Archive for December 23, 2005

December 23 – O Emmanuel

December 23, 2005 1 comment

December 23 – O Emmanuel

O Emmanuel: “O Emmanuel, king and lawgiver, desire of the nations, Savior of all people, come and set us free, Lord our God.”

The Lord reigns in holiness.

Isaiah sees the Lord. He is summoned into the courts of heaven to stand before the holy, holy, holy Lord of hosts. He does not fall in fear but screams in terror, “Woe is me!”
He is coming undone.

The great and terrible Lord of hosts dwells in unapproachable light. No human can behold Him and live. He is greater than power for He precedes power. There is no power than operates independent of His life. He alone holds all things together.

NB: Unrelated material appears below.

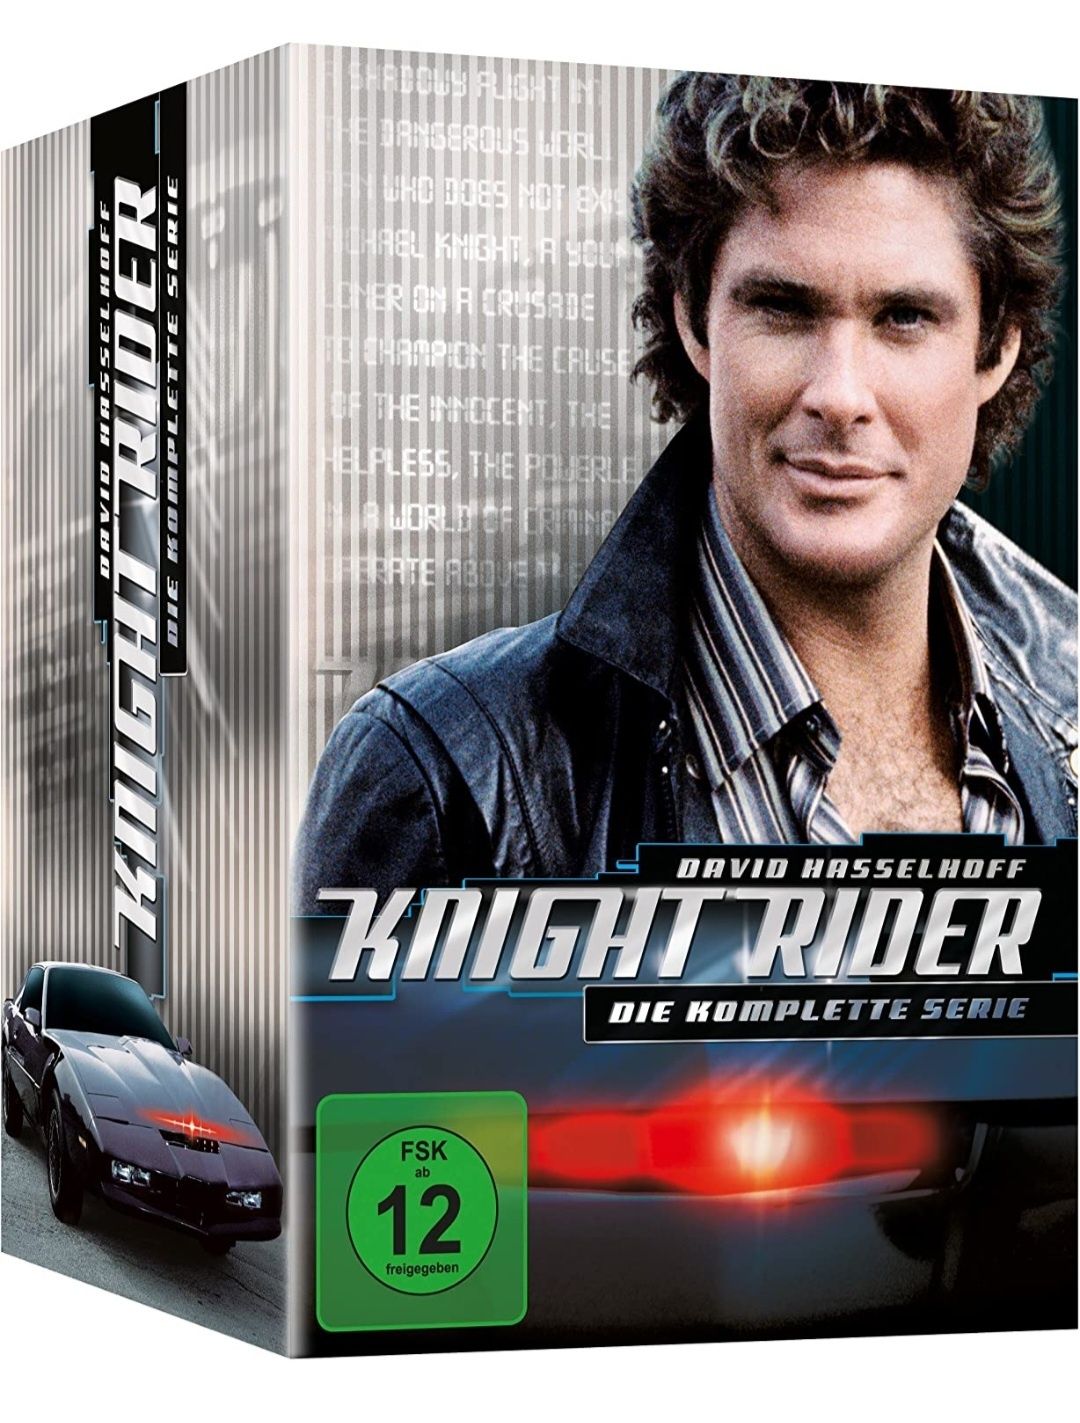 FILM SERIAL Knight Rider -DVD Box Set [26 DVD] Original
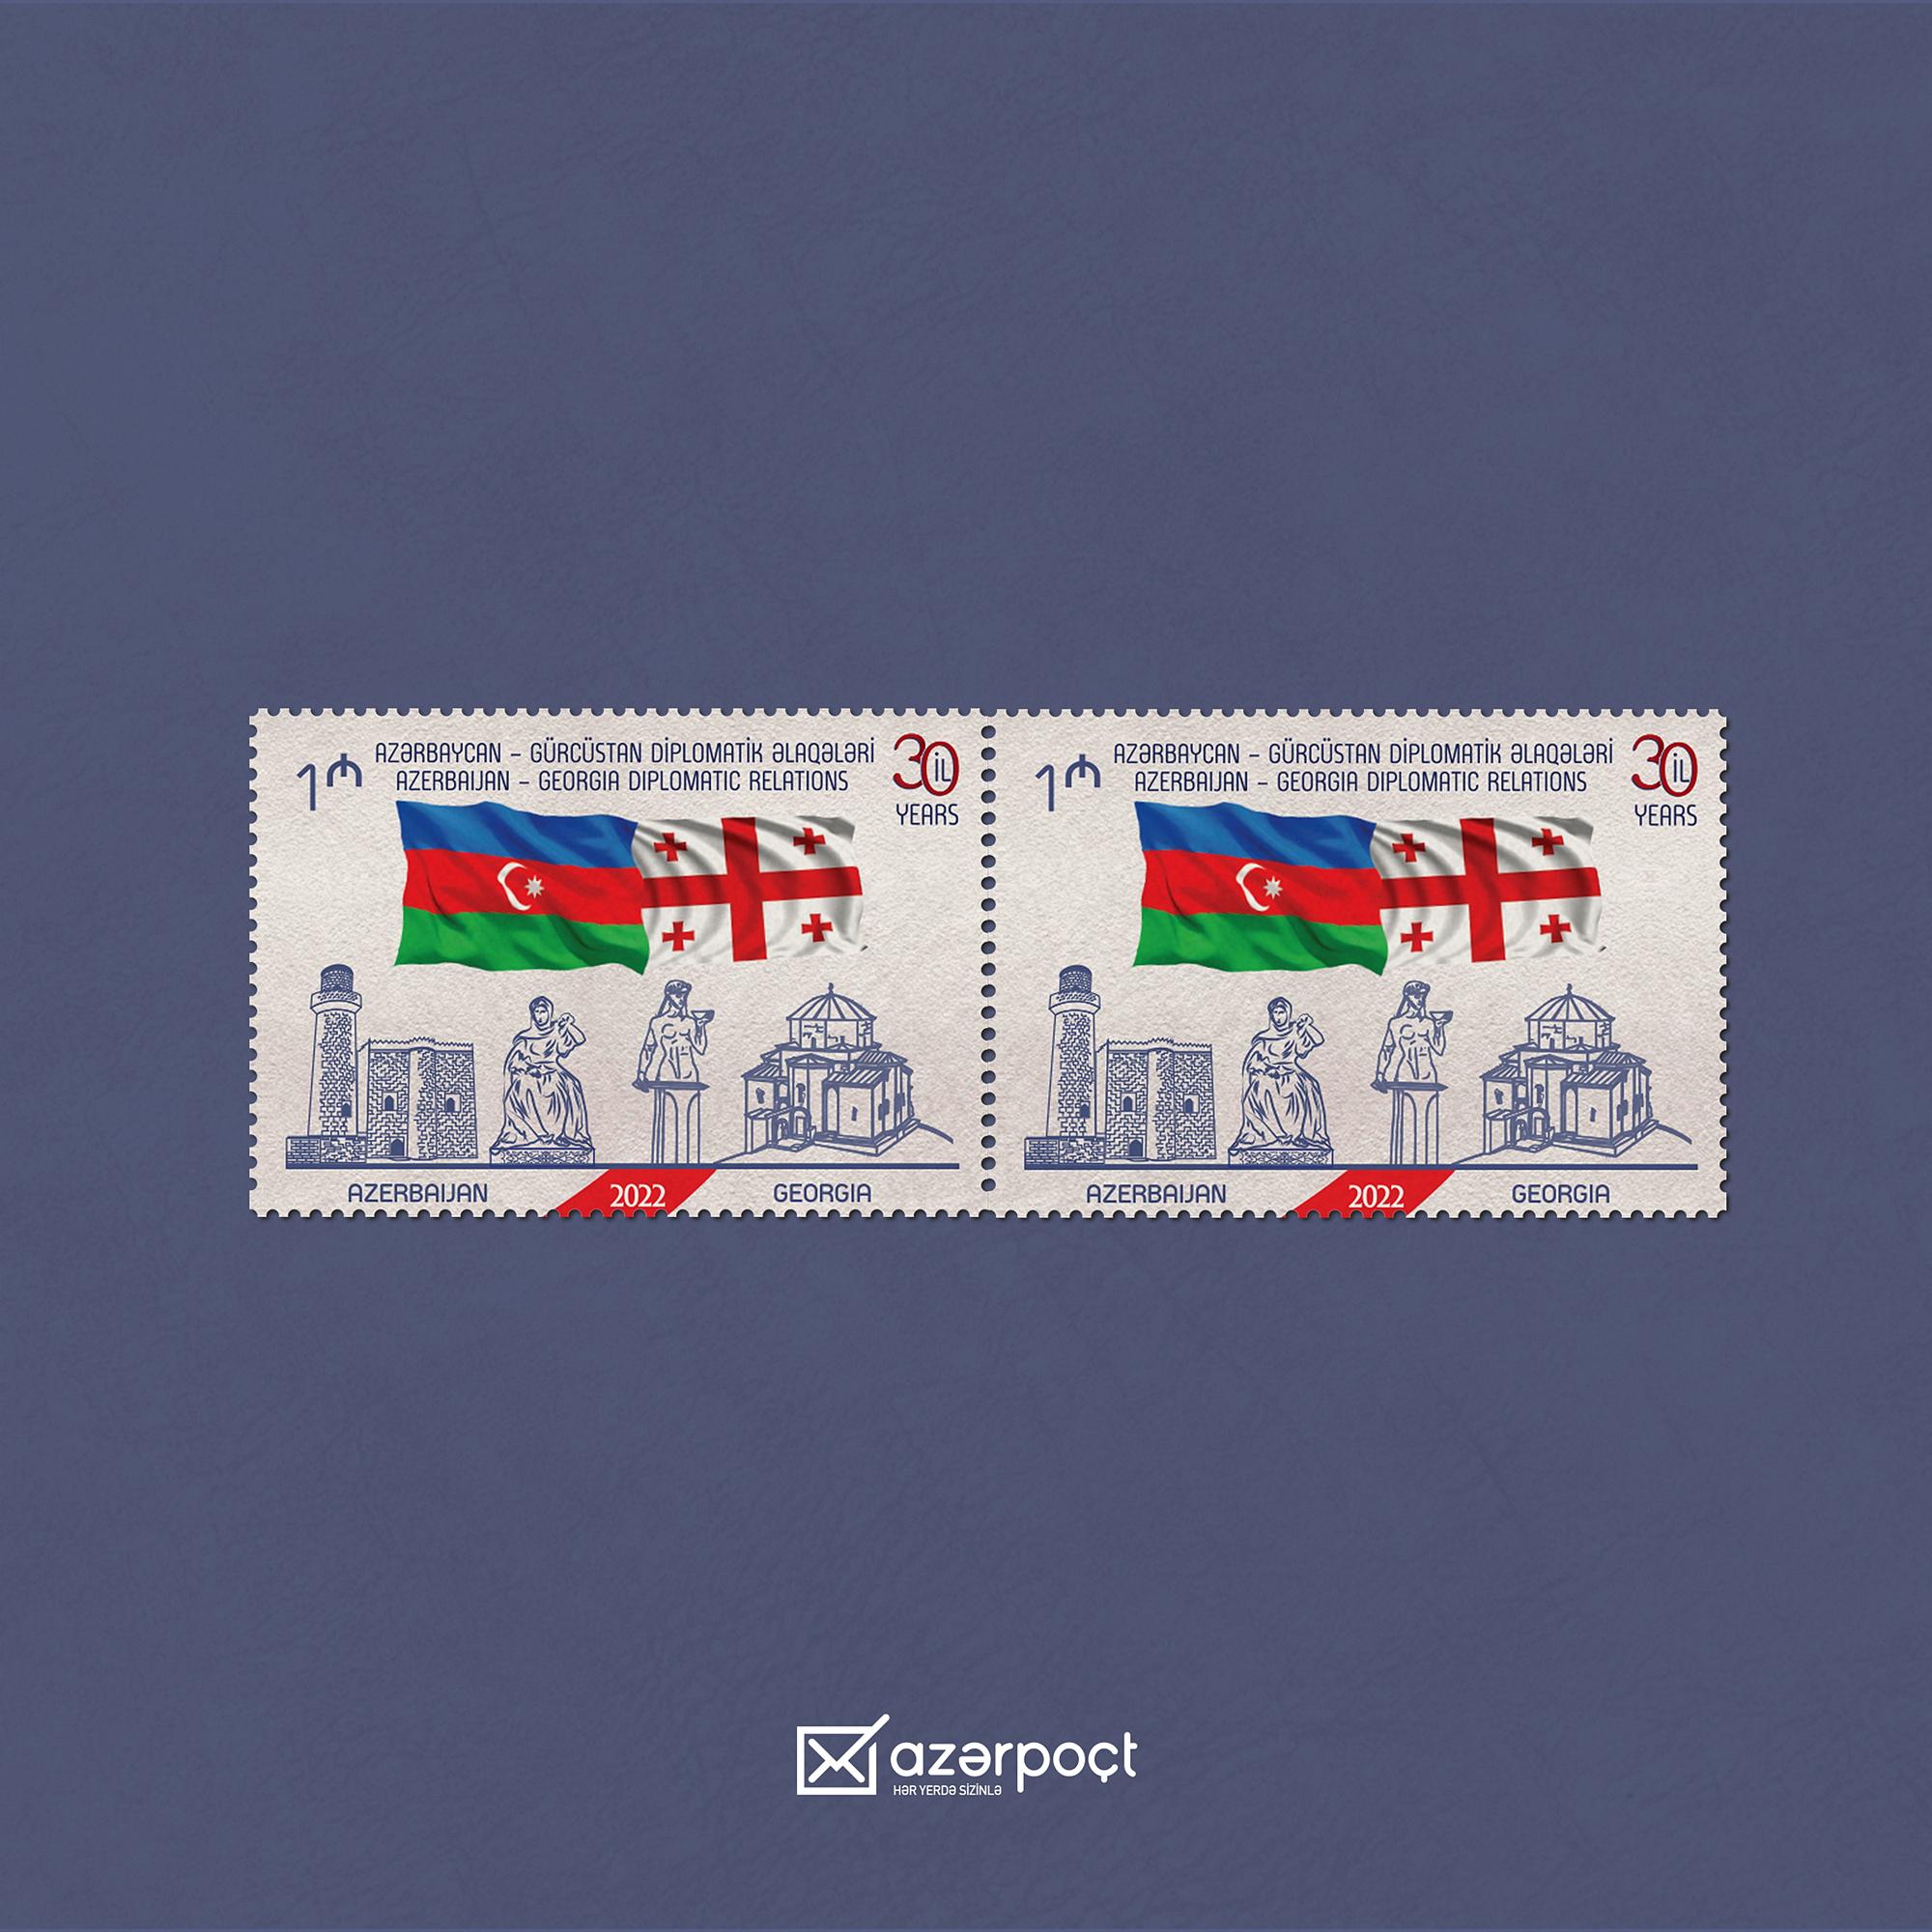 Презентована почтовая марка в связи с 30-летием азербайджано-грузинских связей

He is greater the all knowledge for He precedes knowledge. There is no thought beyond Him, for He anticipates every thought and is over and above all thinking.

There is no reference to describe the Holy Creator of all things. So how can we describe this Lord of Lords, the power, this person, this pure life that precedes all things? He chooses to give us language and ideas and images that help us to grasp Him, and yet our words and our imaginations simply cannot fully contain Him. He is always greater than.

And Isaiah knows firsthand the terror of failing into the hands of the living God.

This High and Lofty One who inhabits eternity, whose name is Holy, dwells in the high and holy place, chooses also to “dwell with him who has a contrite and humble spirit, to revive the spirit of the humble, and to revive the heart of the contrite ones.”

In the mystery beyond mysteries, the Sovereign Lord, Creator of Heaven and Earth, chooses to dwell among humans and comes to be born in and from the virgin Mary. As the baby appears, He is both God and infant. Fully God, fully man. Who can grasp it?

O come let us adore Him.

This baby reveals the Creator in ways no one could have anticipated. He is a stumbling block to Jews and foolishness to Greeks. How can God be born?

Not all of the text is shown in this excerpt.